### TASK ITEM
Repeat the data exactly, please; no pictures belong in the copy.

### AVAILABLE DATA
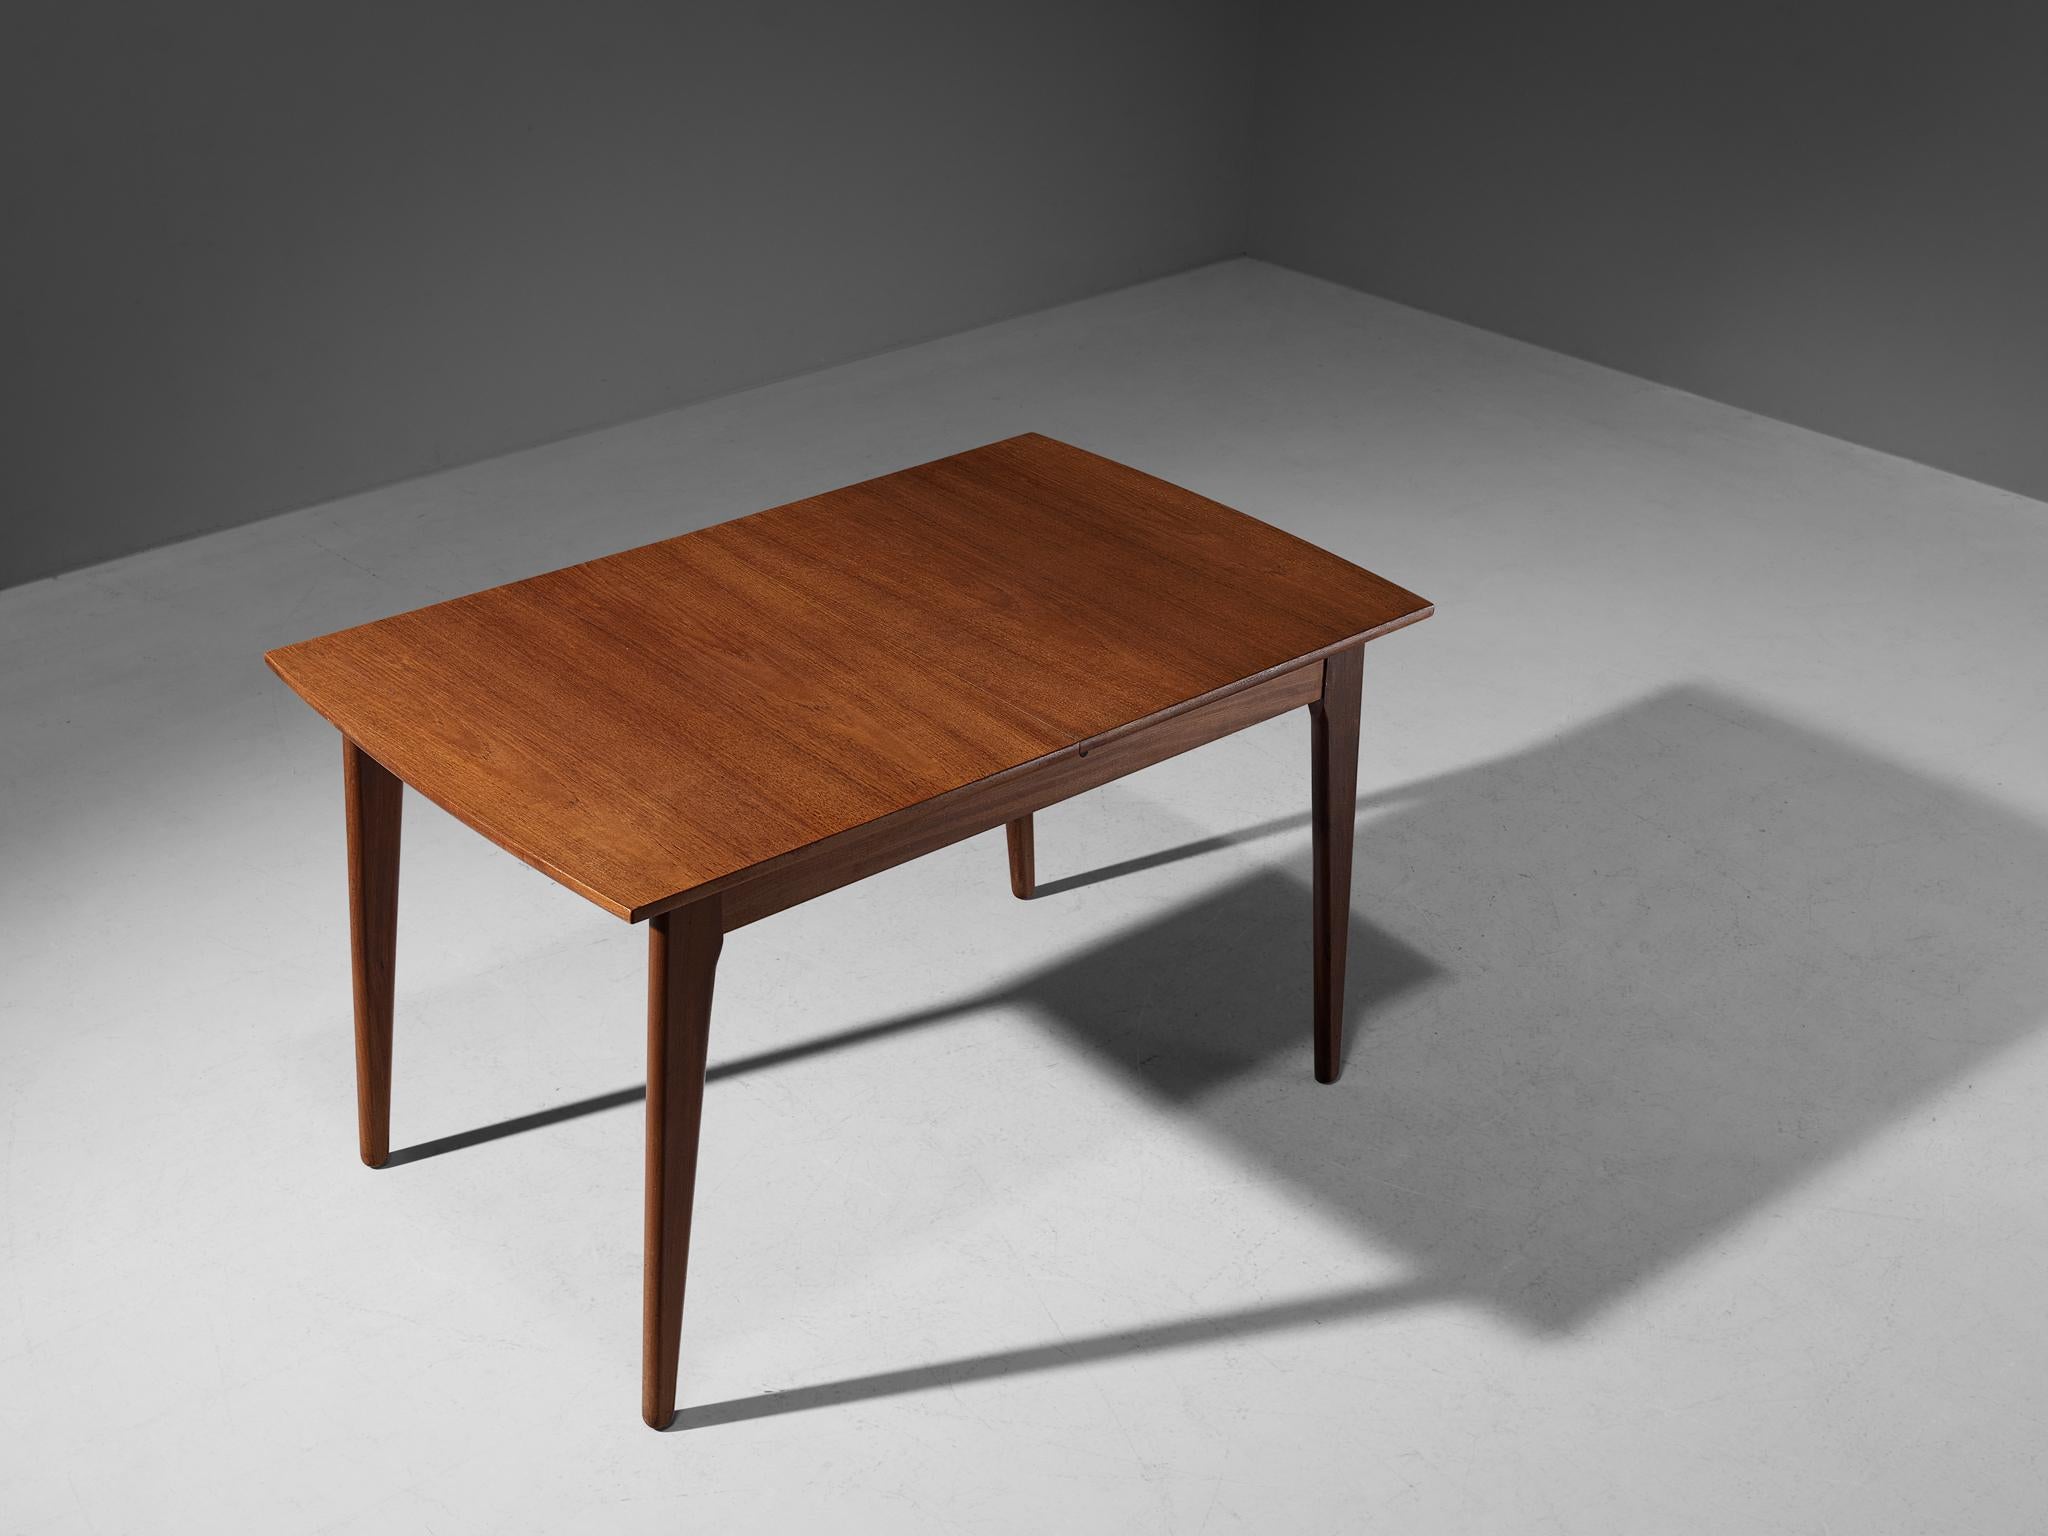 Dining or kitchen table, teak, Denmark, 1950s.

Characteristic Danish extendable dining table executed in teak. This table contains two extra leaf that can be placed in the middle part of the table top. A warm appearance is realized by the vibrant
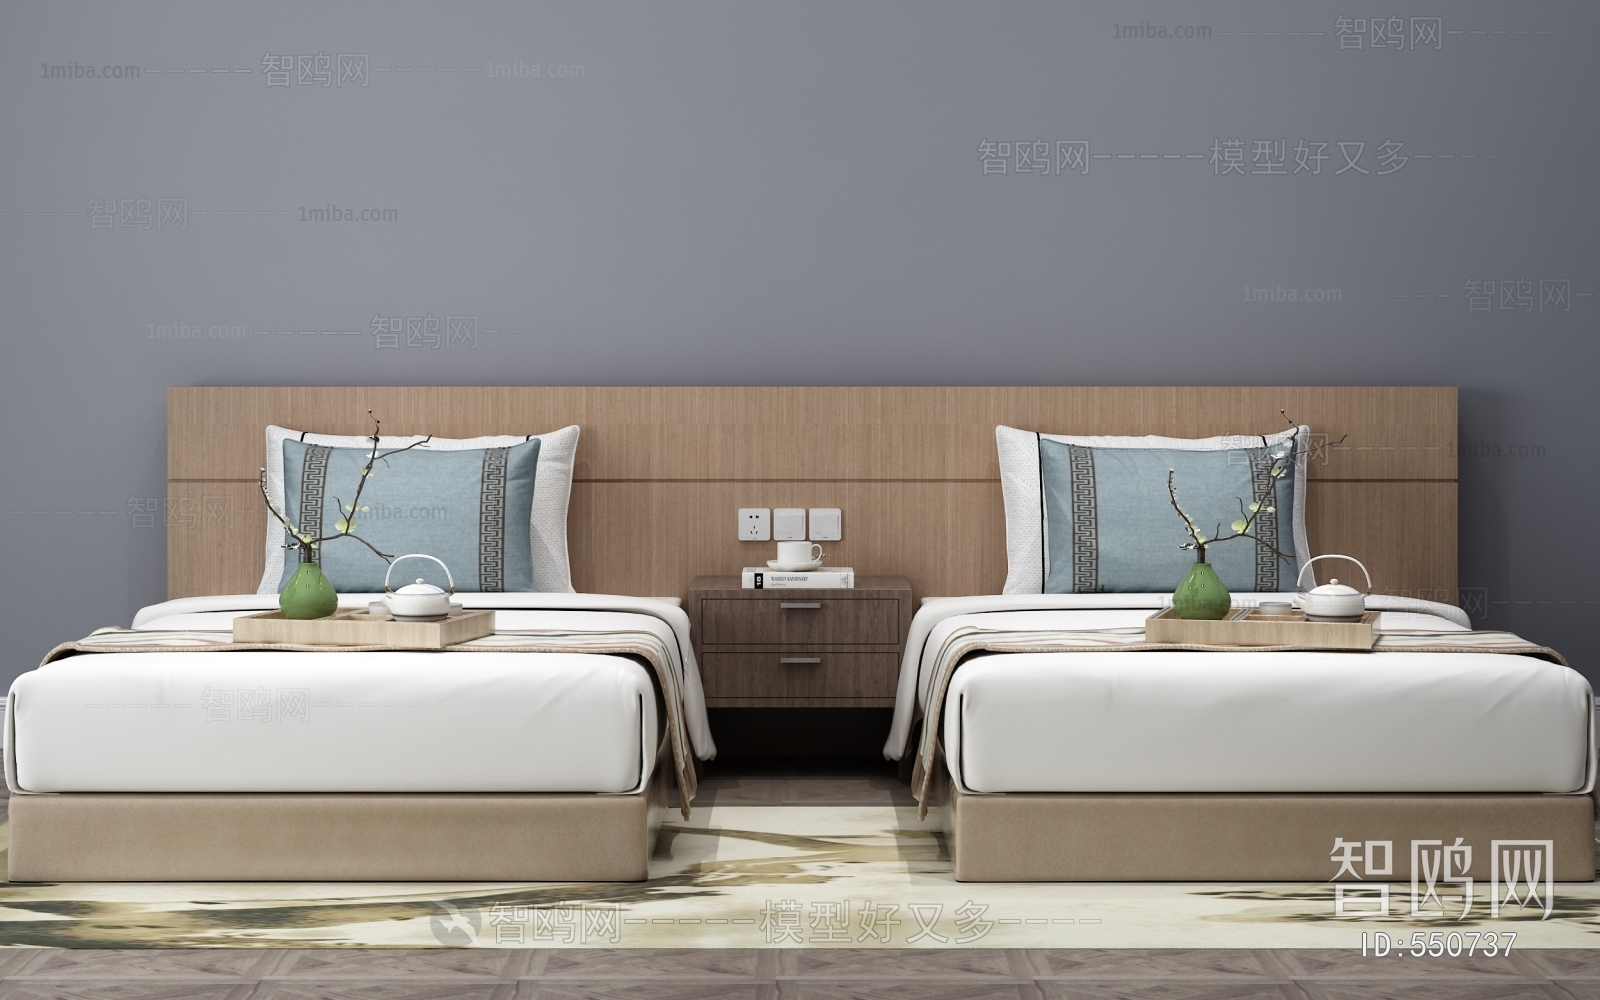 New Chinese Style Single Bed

### RESPONSE FOR THIS EXERCISE
 Dining or kitchen table, teak, Denmark, 1950s.

Characteristic Danish extendable dining table executed in teak. This table contains two extra leaf that can be placed in the middle part of the table top. A warm appearance is realized by the vibrant
 New Chinese Style Single Bed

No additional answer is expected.